- _Task to carry out_: Pictures in the entries below are excluded; copy only the lines from the one containing "4.Atomics - Problem IV (7Points)" to the one containing "Live, Love, Teacher, Custom Tote Bag", both included.

- _Provided data_:
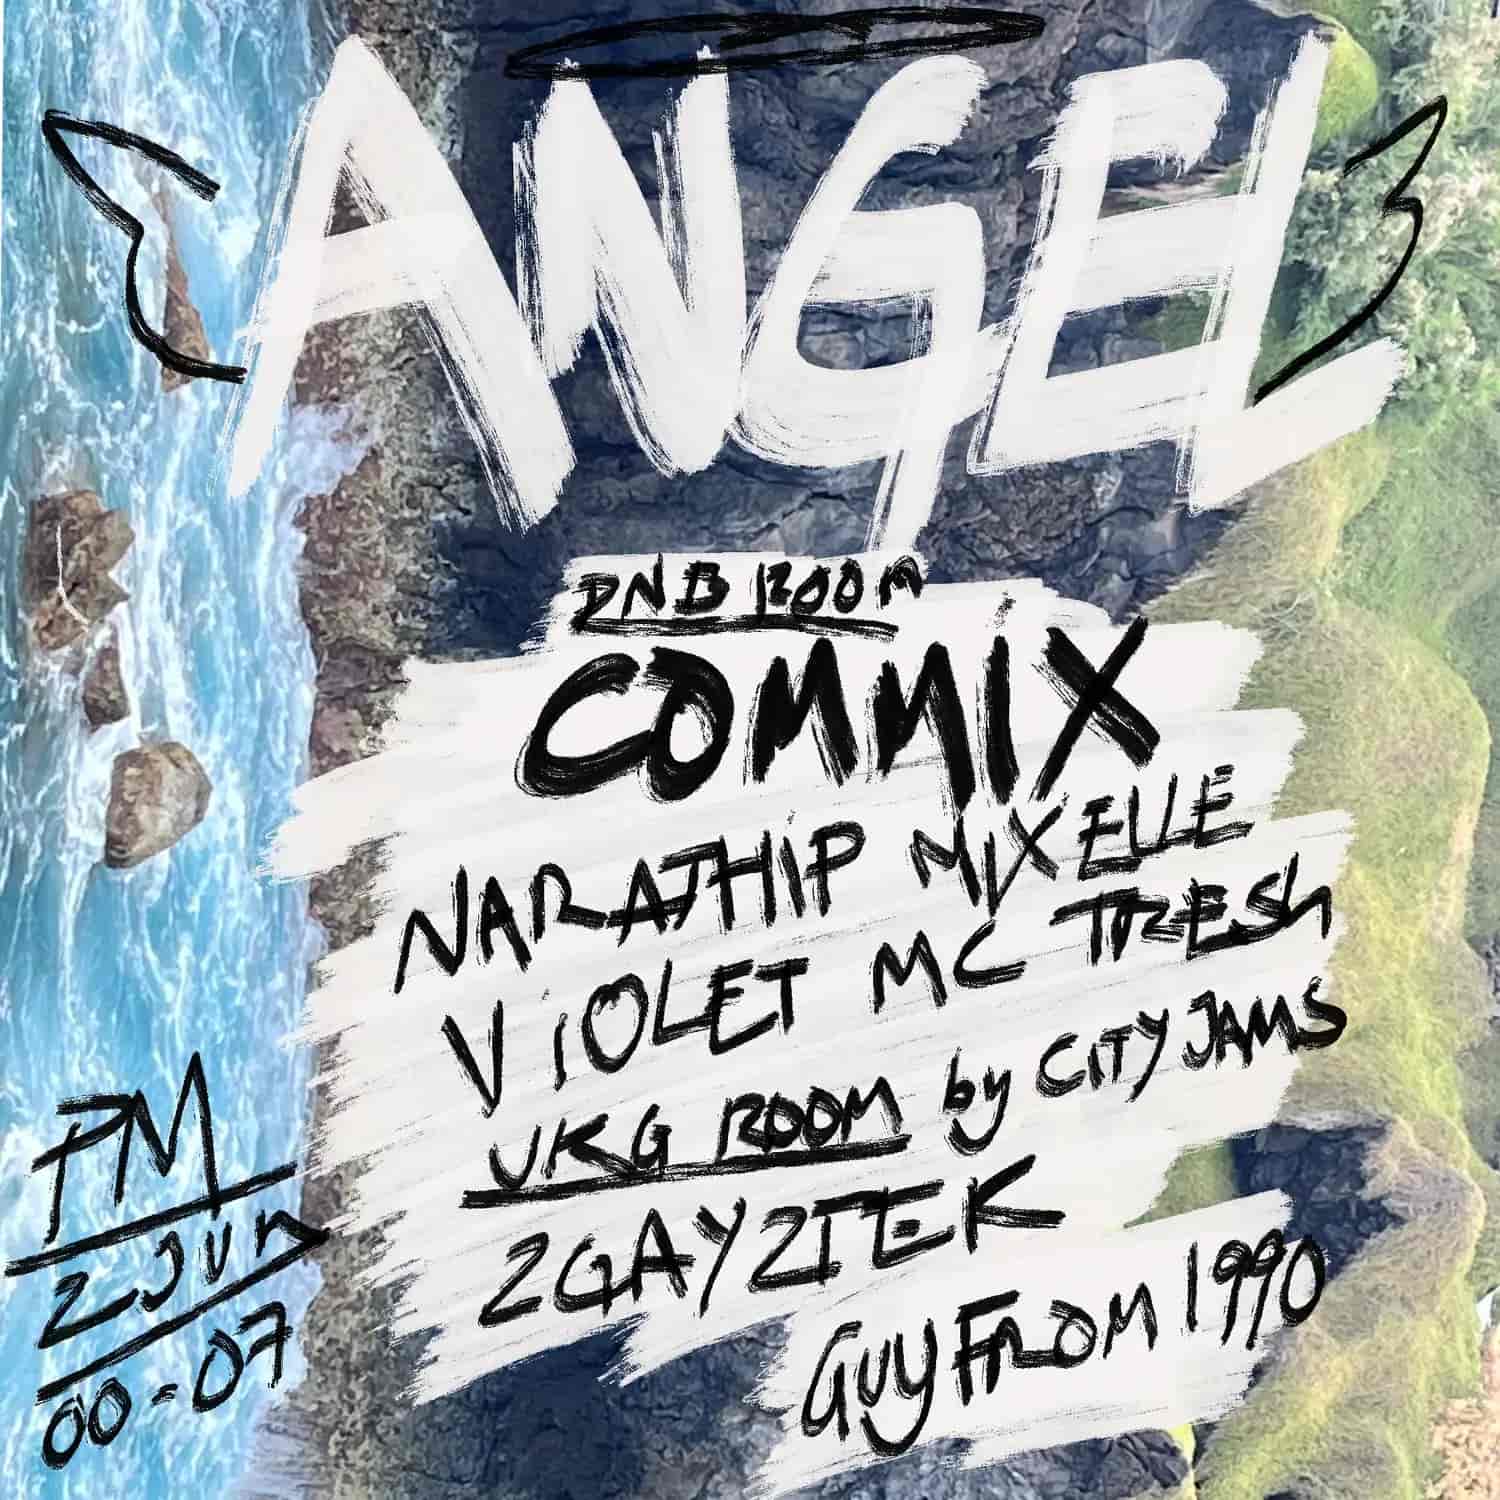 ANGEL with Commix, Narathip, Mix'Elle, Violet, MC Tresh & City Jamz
* * *
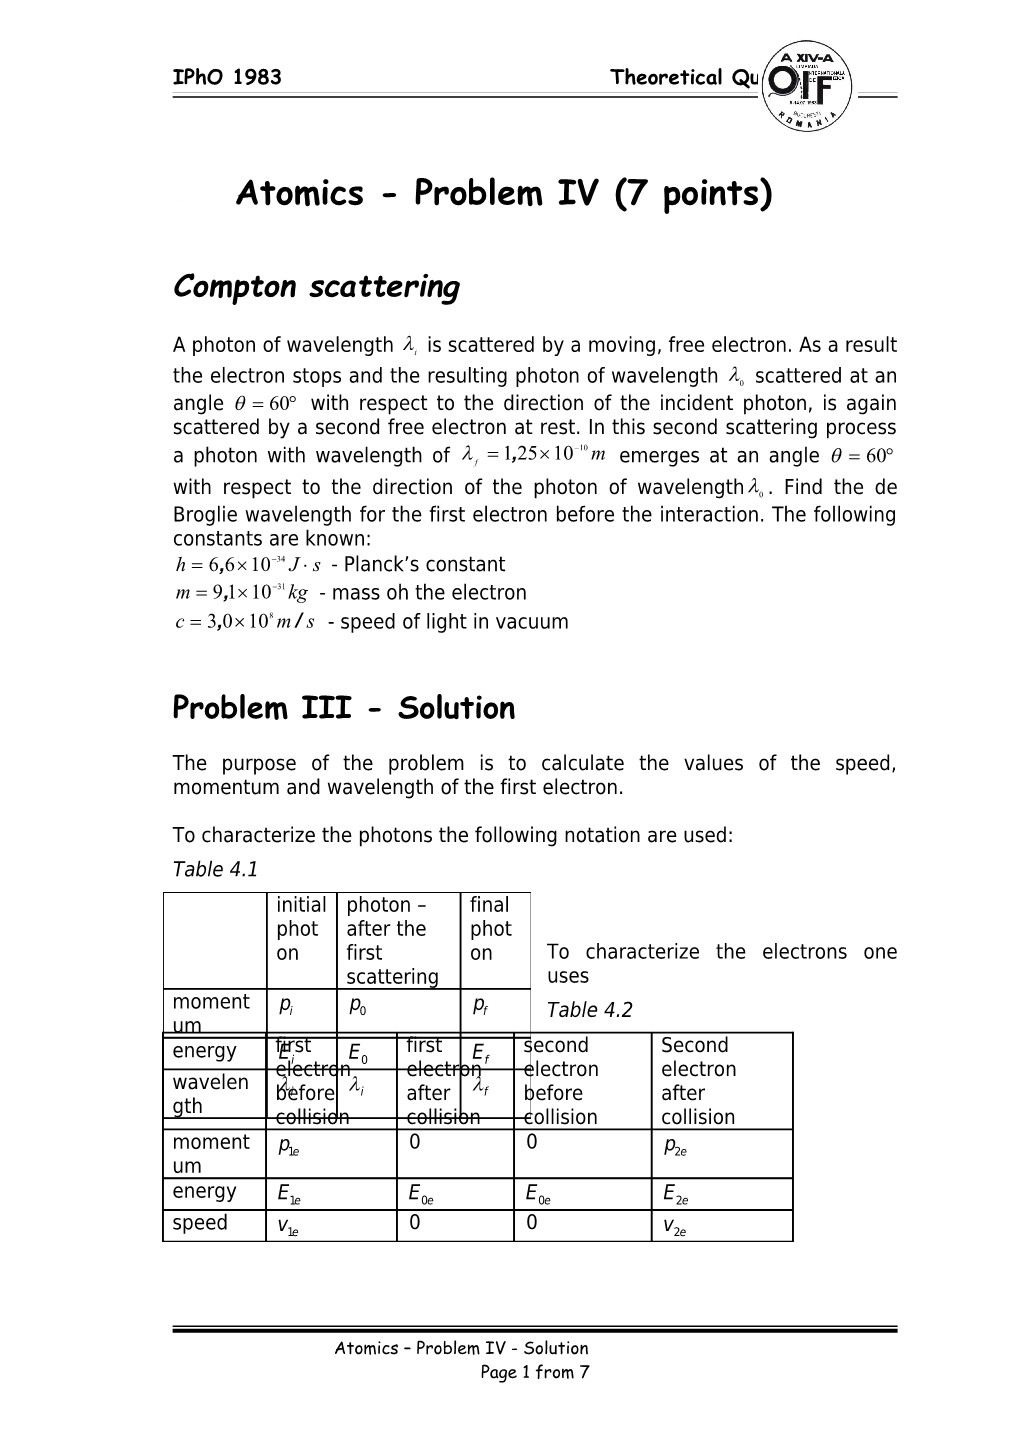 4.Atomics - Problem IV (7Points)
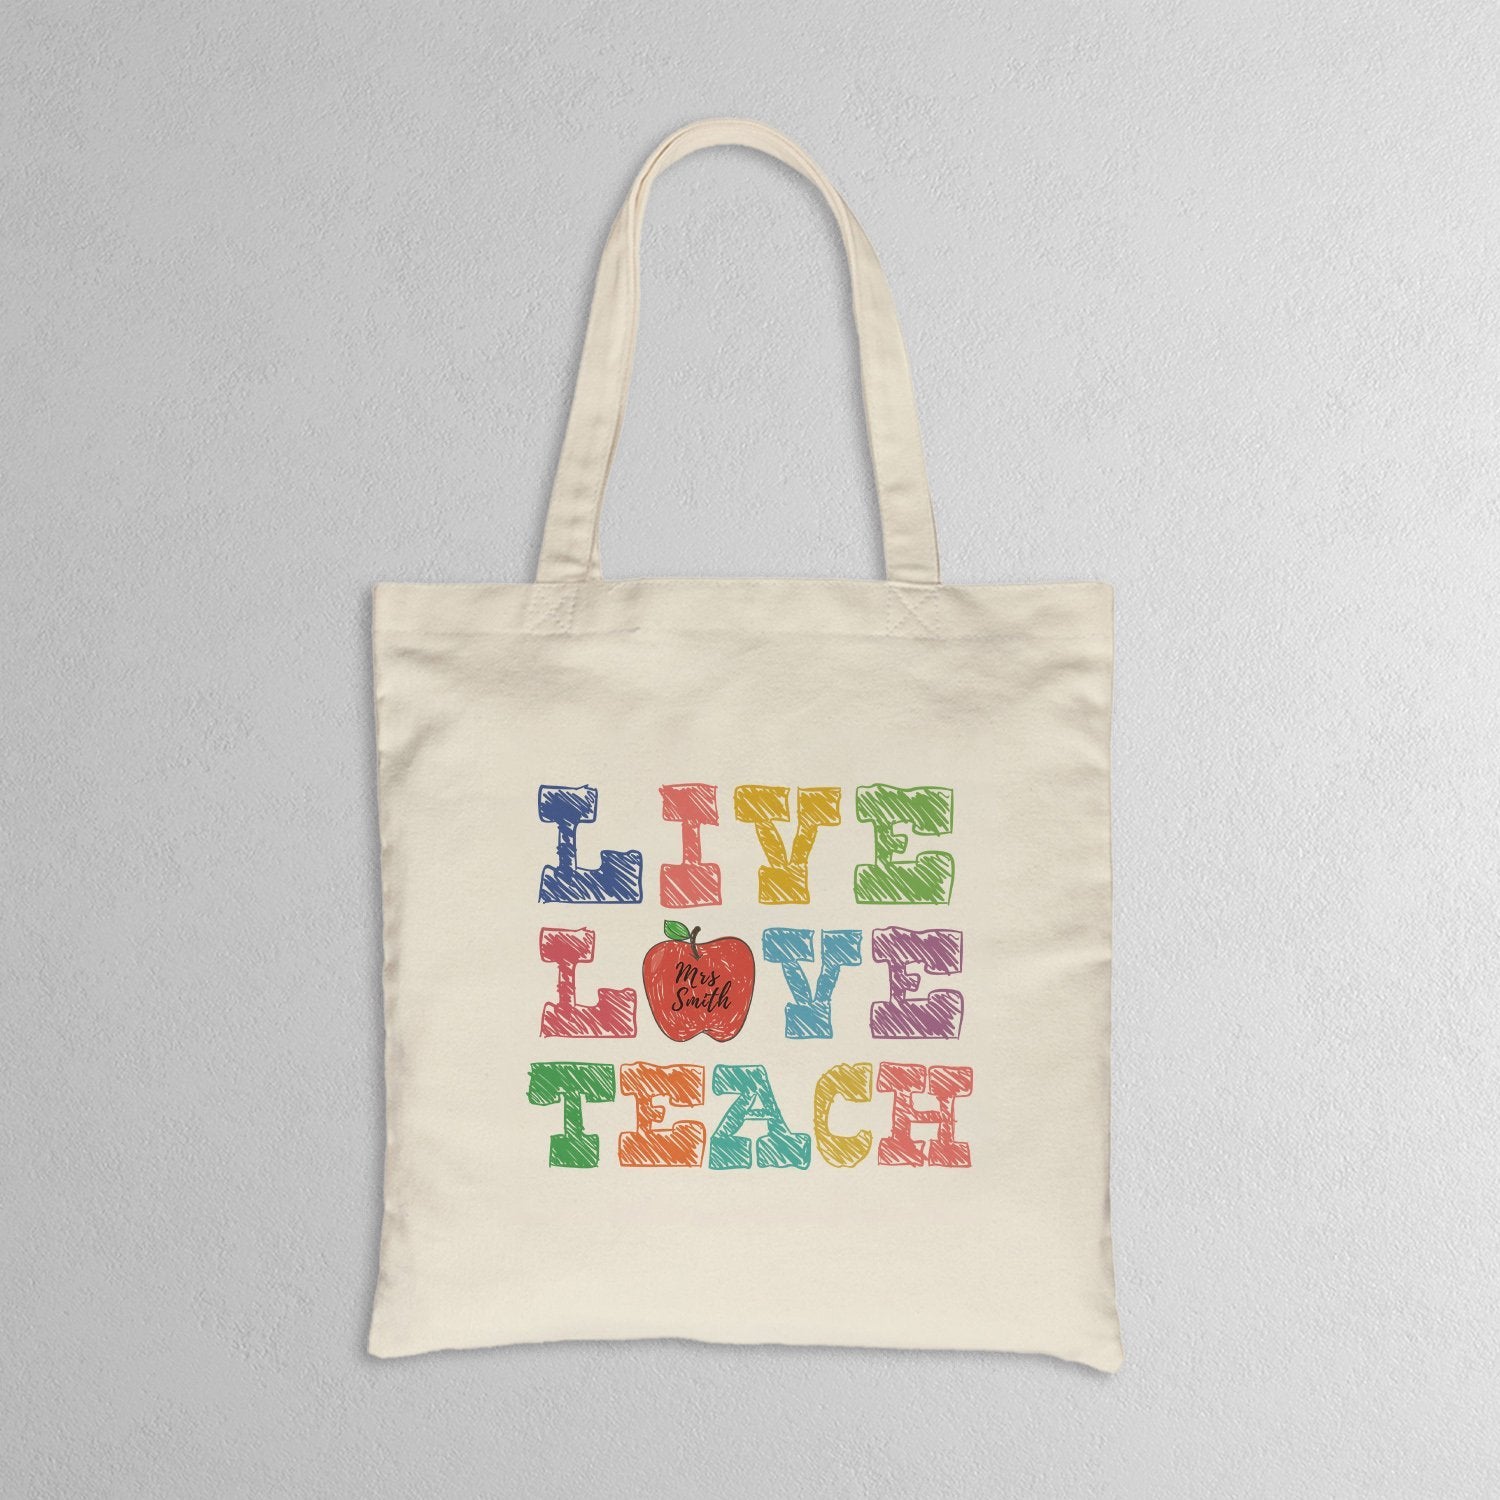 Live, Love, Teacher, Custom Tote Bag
...
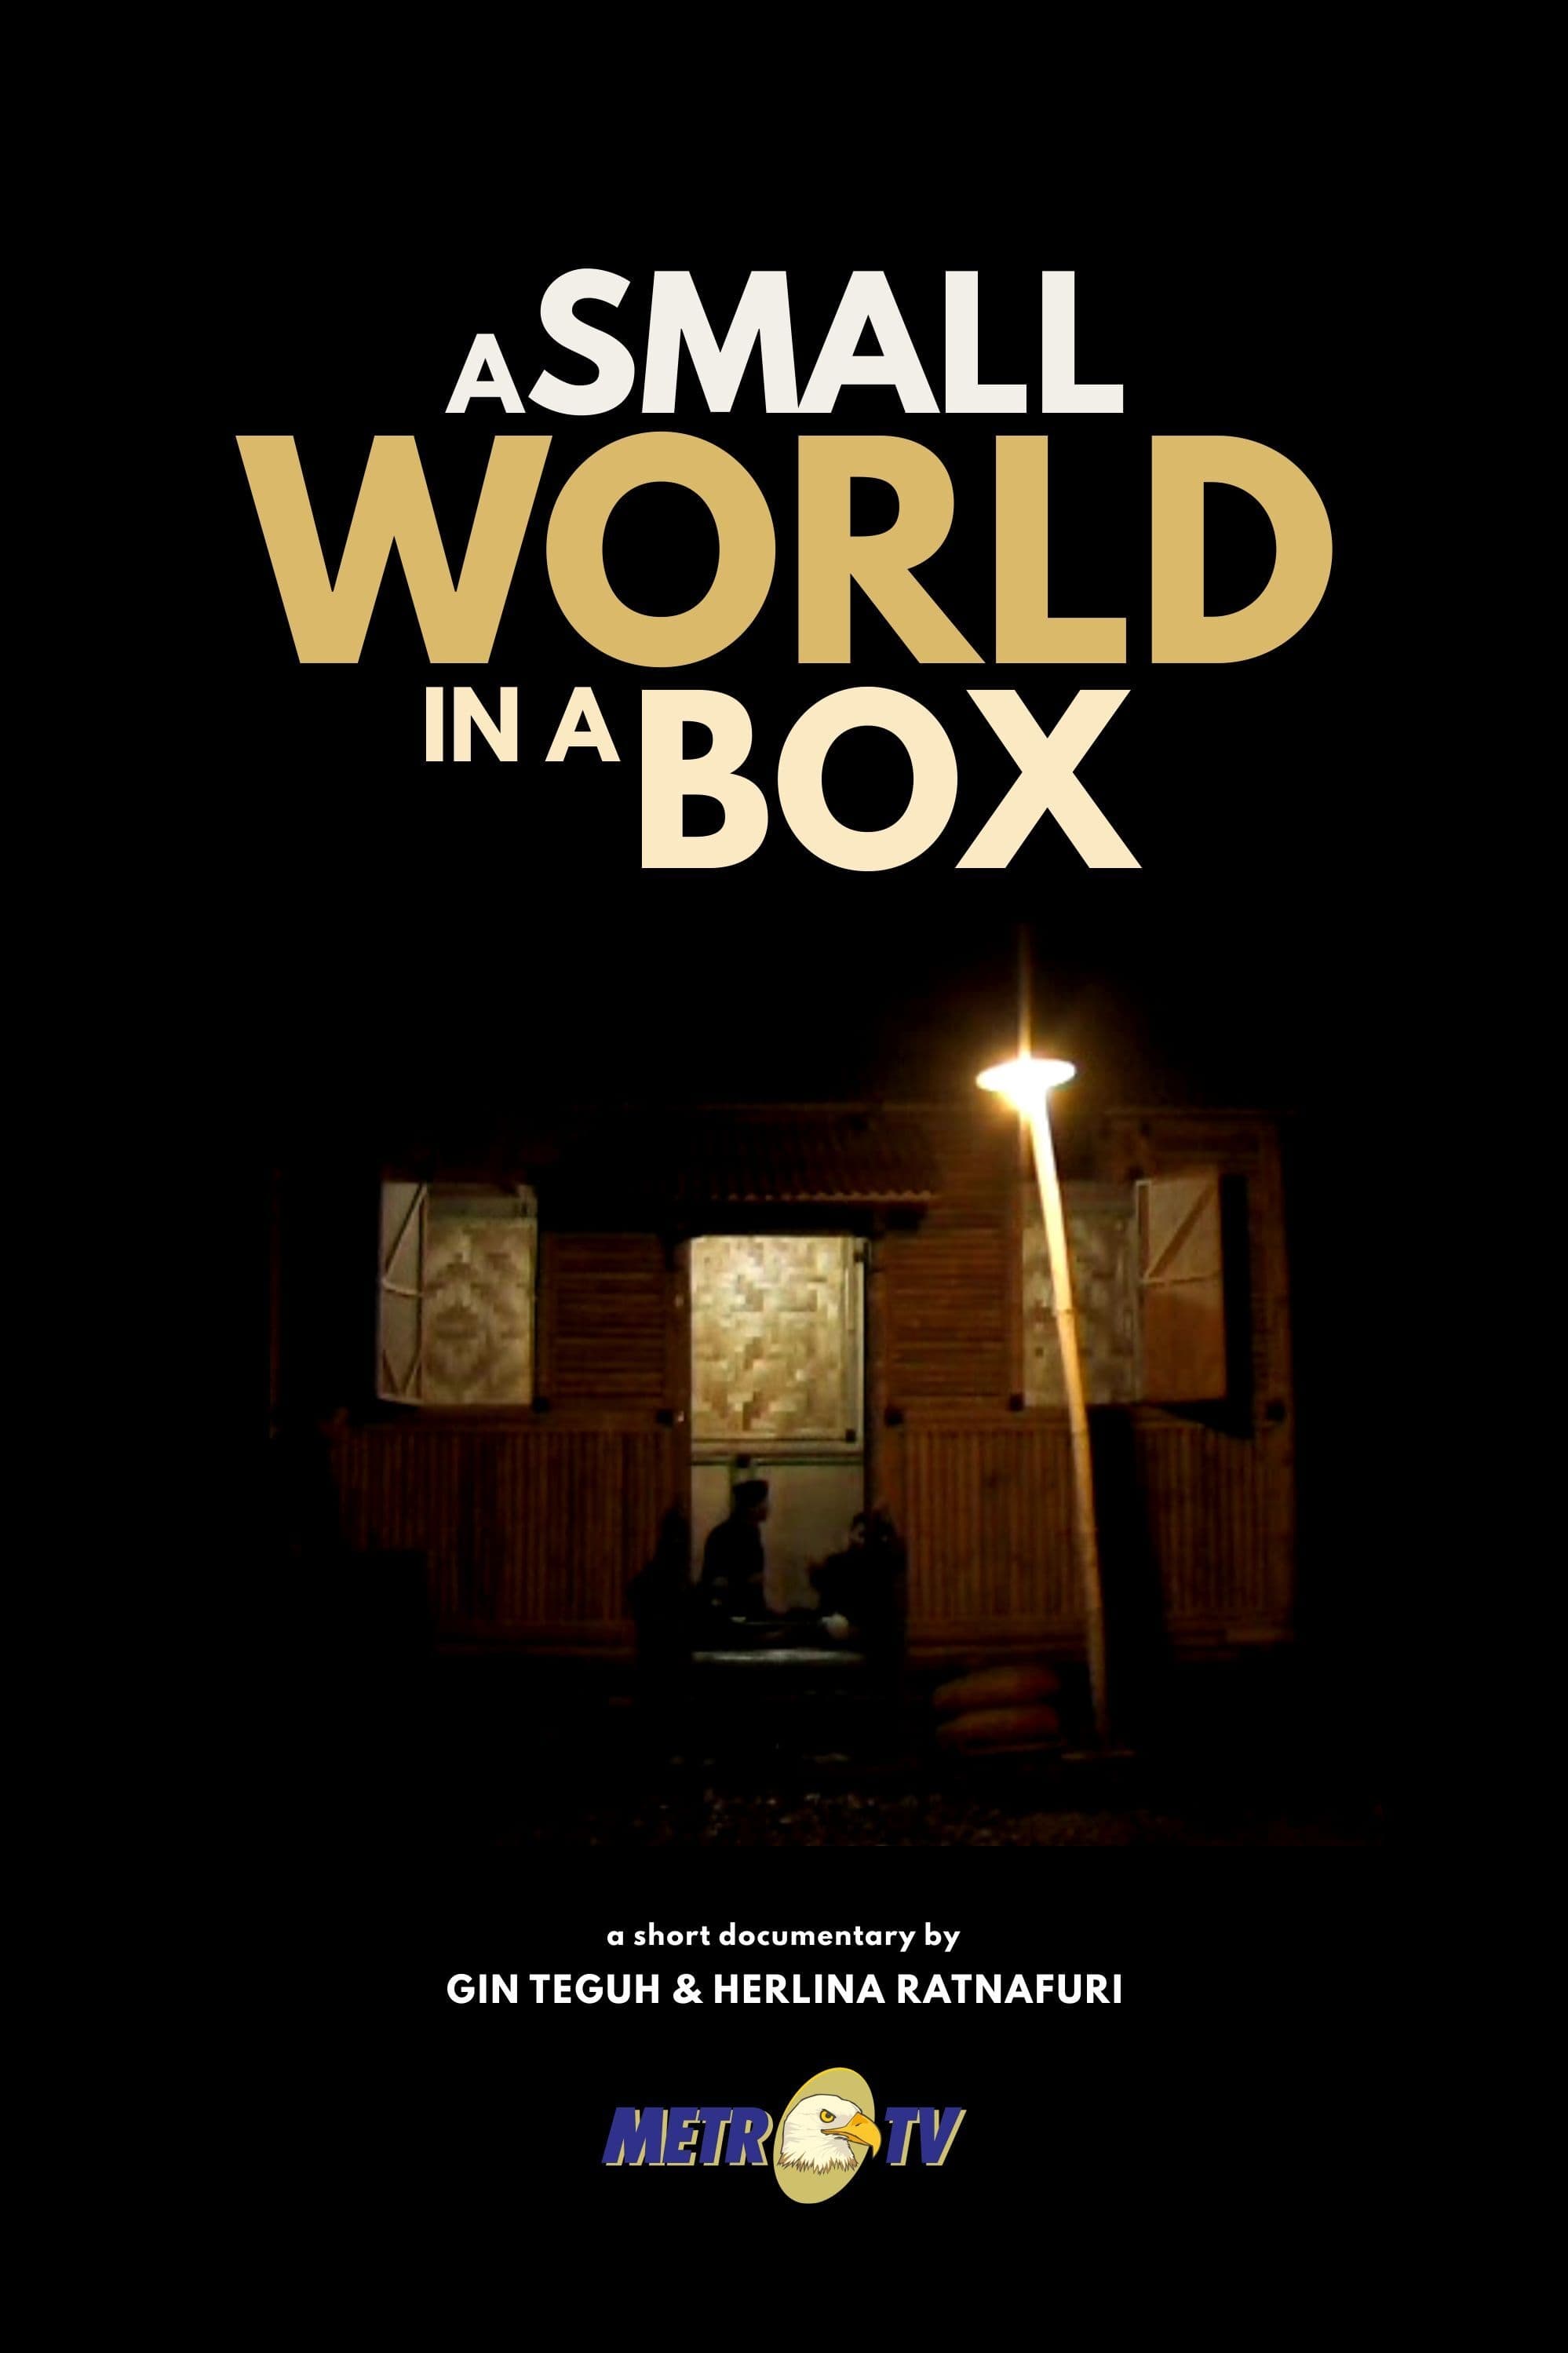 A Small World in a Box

- _Solution below_:
 4.Atomics - Problem IV (7Points)
 Live, Love, Teacher, Custom Tote Bag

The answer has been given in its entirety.